DATA FOR PROCESSING START
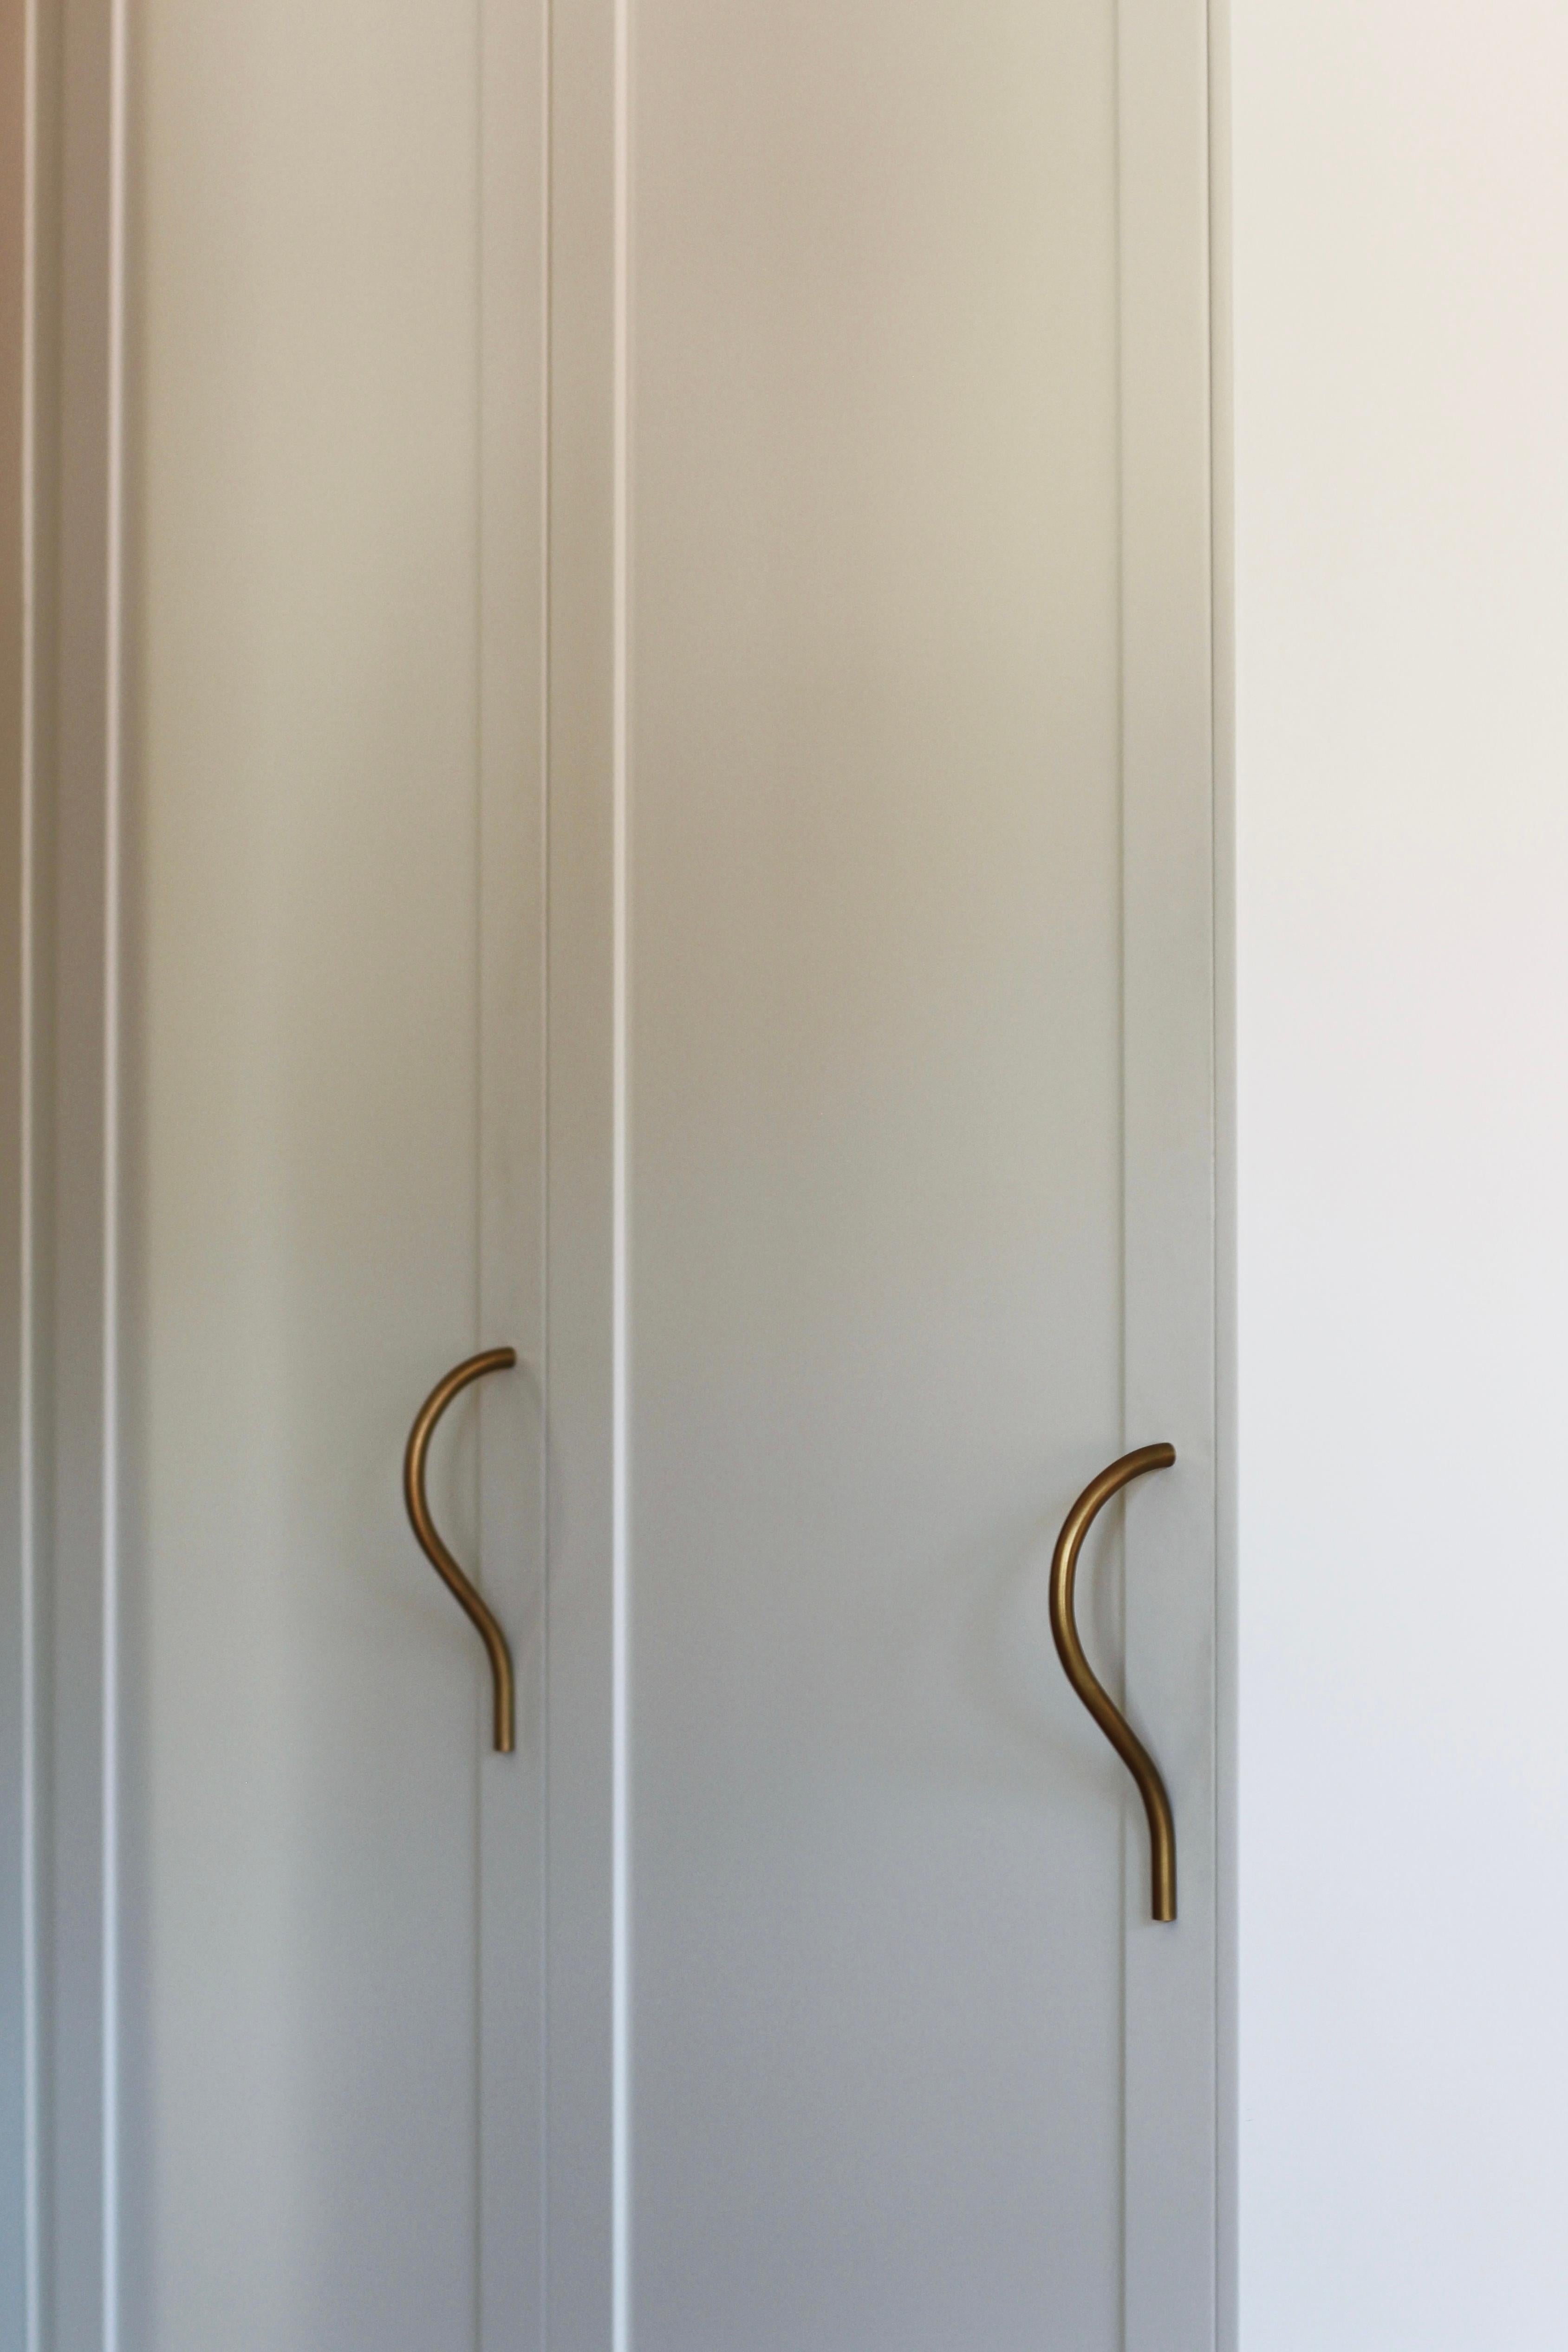 Door Handle or Knob 'Doyen' by Spaces Within, Dark Brass

Dimensions
Height: 230 mm
Width: 12 mm
Depth: 70 mm

Weight: 300 g

DOYEN is a prominent handle with an elegantly slanted curve. This larger handle is beautiful as a statement piece on tall
DATA FOR PROCESSING END
◆ TASK DETAILS: Restate the entries above word for word, minus the pictures.

◆ WRITTEN ANSWER:
 Door Handle or Knob 'Doyen' by Spaces Within, Dark Brass

Dimensions
Height: 230 mm
Width: 12 mm
Depth: 70 mm

Weight: 300 g

DOYEN is a prominent handle with an elegantly slanted curve. This larger handle is beautiful as a statement piece on tall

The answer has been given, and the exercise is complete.